Re: FahCore 23 broken on Fedora 39

Posted: Sun Dec 03, 2023 6:52 pm
by bikeaddict
From what I can tell, Core22 uses OpenMM 7.7 and Core23 uses OpenMM 8.0. The documentation for both versions says the OpenCL platform requires SSE 4.1. Maybe something was changed in Core23 or OpenMM 8.0 that executes SSE 4.1 instructions that causes a crash.

It would be up to the F@H core developer(s) to determine if this can be fixed and whether they are willing to do so.

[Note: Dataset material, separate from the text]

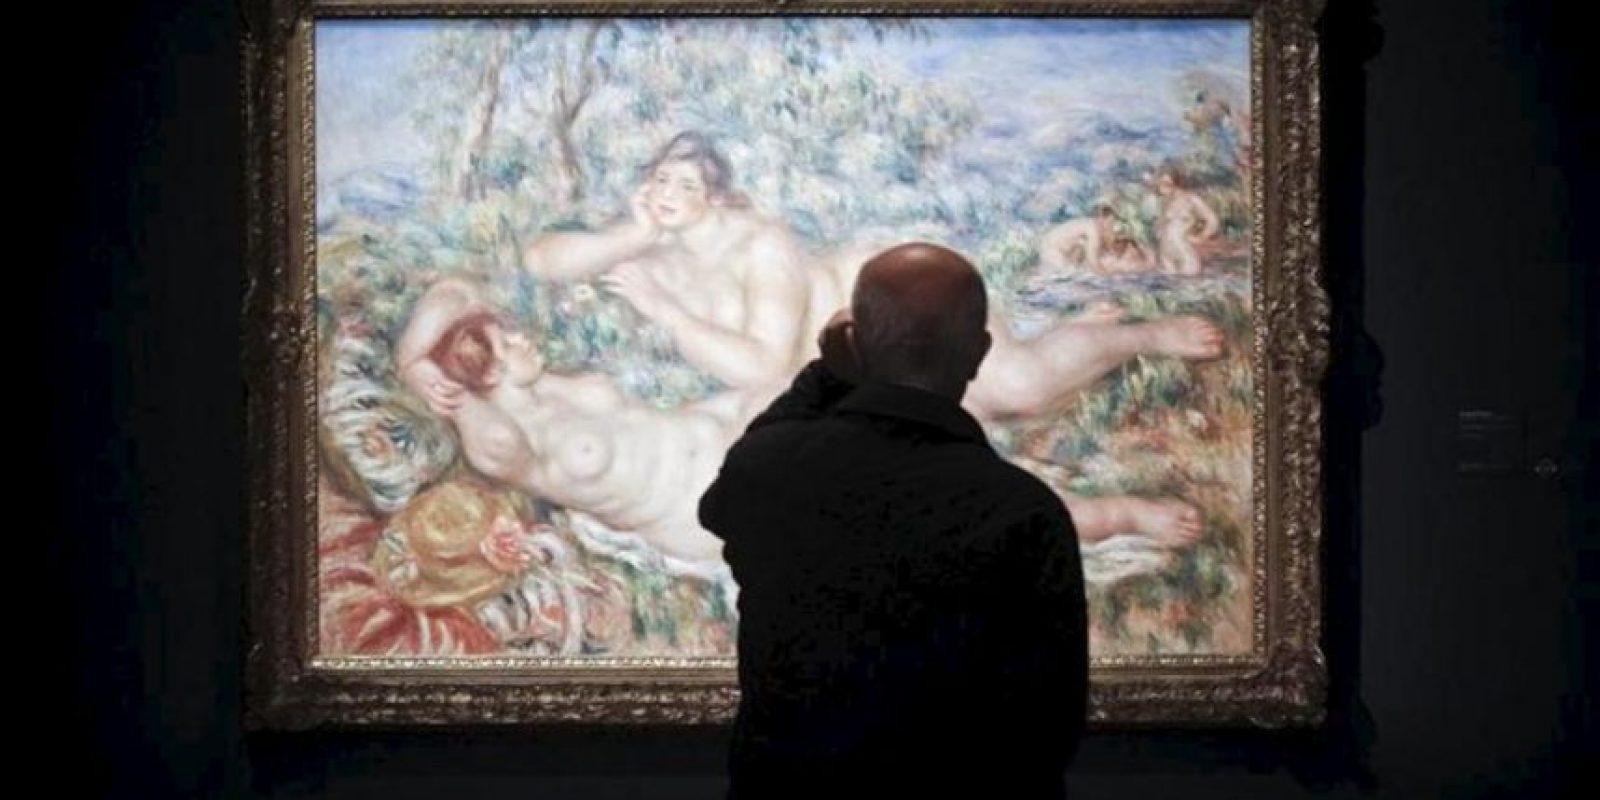 """Una hombre contempla la obra """"Las bañistas"""" (1918-1919) de Auguste Renoir, que forma parte de la muestra """"Impresionistas y postimpresionistas. El nacimiento del arte moderno. Obras maestras del Museo de Orsay"""", la exposición de mayor relieve de las organizadas por la Fundación Mapre. EFE"""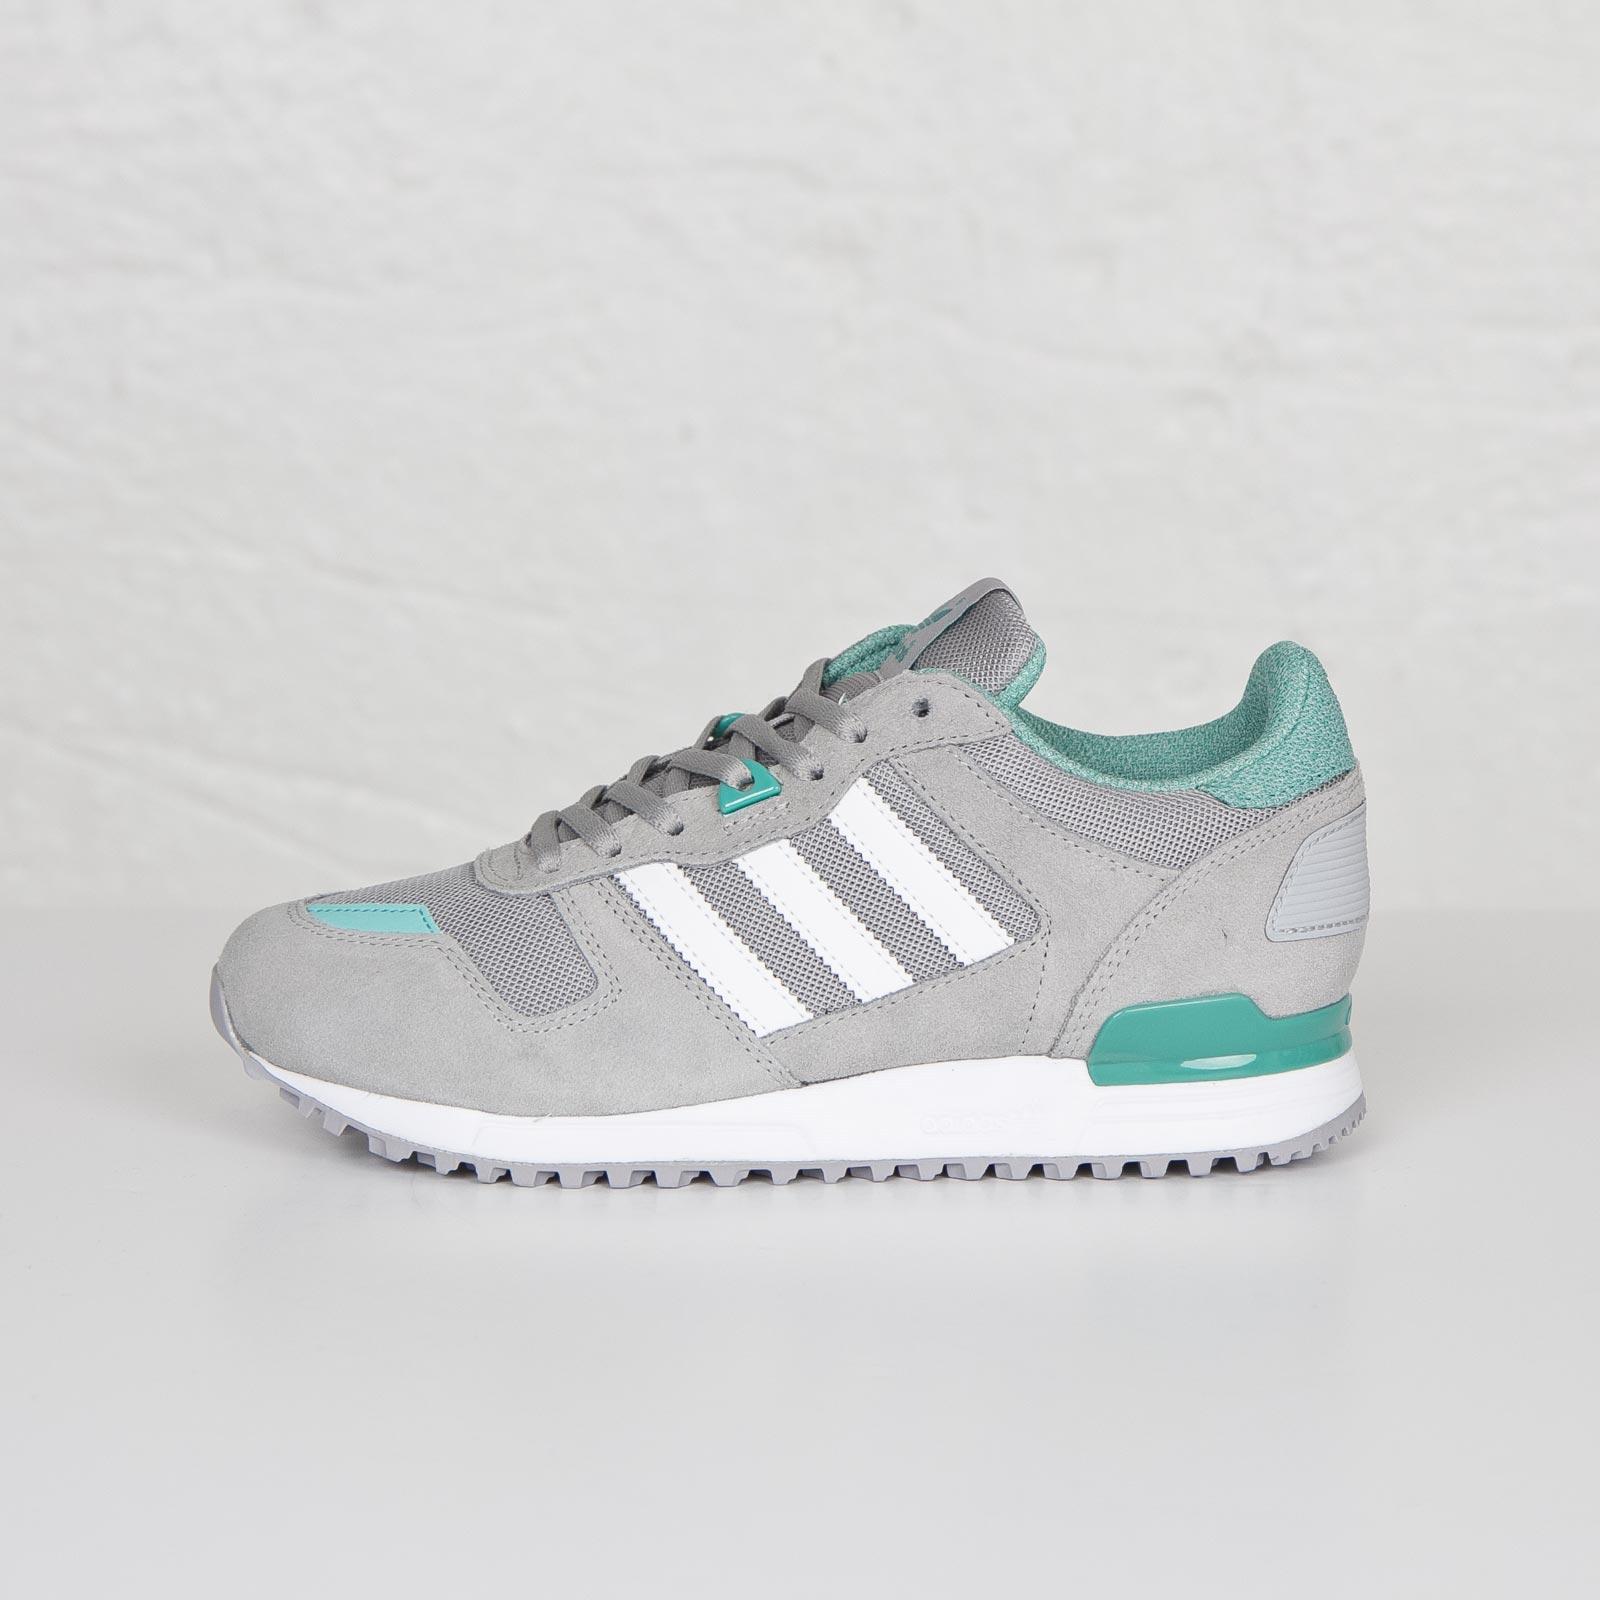 inexpensive adidas zx 700 w grau 48d5d 0de6b

But the cost of picking up more modern hardware with SSE4.x and AVX support is minimal. I previously used a HP Z240 Tower and Dell Precision T3600 workstation with 6-pin to 8-pin PCIe adapters that could easily power a GTX 1660 Super. These are now available for $100 or less on eBay, FB Marketplace or Craigslist. See greenpcgamers.com and their YouTube channel for HOWTOs.

Re: FahCore 23 broken on Fedora 39

Posted: Mon Dec 04, 2023 7:46 pm
by toTOW
bikeaddict wrote: Sun Dec 03, 2023 2:18 am It may be trying to execute instructions like AVX or SSE4.x that aren't supported on a CPU as old as an AMD Phenom II X2.
Don't worry about this, the core is running perfectly fine on my old first generation i7s (920 and 860).

This is definitely a library issue. Fedora 39 is very new ...

Re: FahCore 23 broken on Fedora 39

Posted: Mon Dec 04, 2023 9:03 pm
by bikeaddict
toTOW wrote: Mon Dec 04, 2023 7:46 pm Don't worry about this, the core is running perfectly fine on my old first generation i7s (920 and 860).

This is definitely a library issue. Fedora 39 is very new ...
The i7-920 and i7-860 support SSE 4.1 and 4.2, but the Phenom II doesn't.

My three Fedora 39 systems have had no problems for a month.

From looking at objdump output of libOpenMMPME.so, there are SSE 4.1 instructions in OpenMM 8.0, but not in OpenMM 7.7. Not sure if the F@H core devs modified version 7.7 to compile without SSE 4.1 or what.

Re: FahCore 23 broken on Fedora 39

Posted: Tue Dec 05, 2023 3:05 am
by wdanwatts
Could we get a "Don't use Core ZZ" flag?

Re: FahCore 23 broken on Fedora 39

Posted: Sat Dec 09, 2023 3:48 pm
by muziqaz
wdanwatts wrote: Tue Dec 05, 2023 3:05 am Could we get a "Don't use Core ZZ" flag?
No,

but we'll see if we can get core_23 disabled for older CPUs

Re: FahCore 23 broken on Fedora 39

Posted: Sat Dec 09, 2023 6:32 pm
by wdanwatts
:D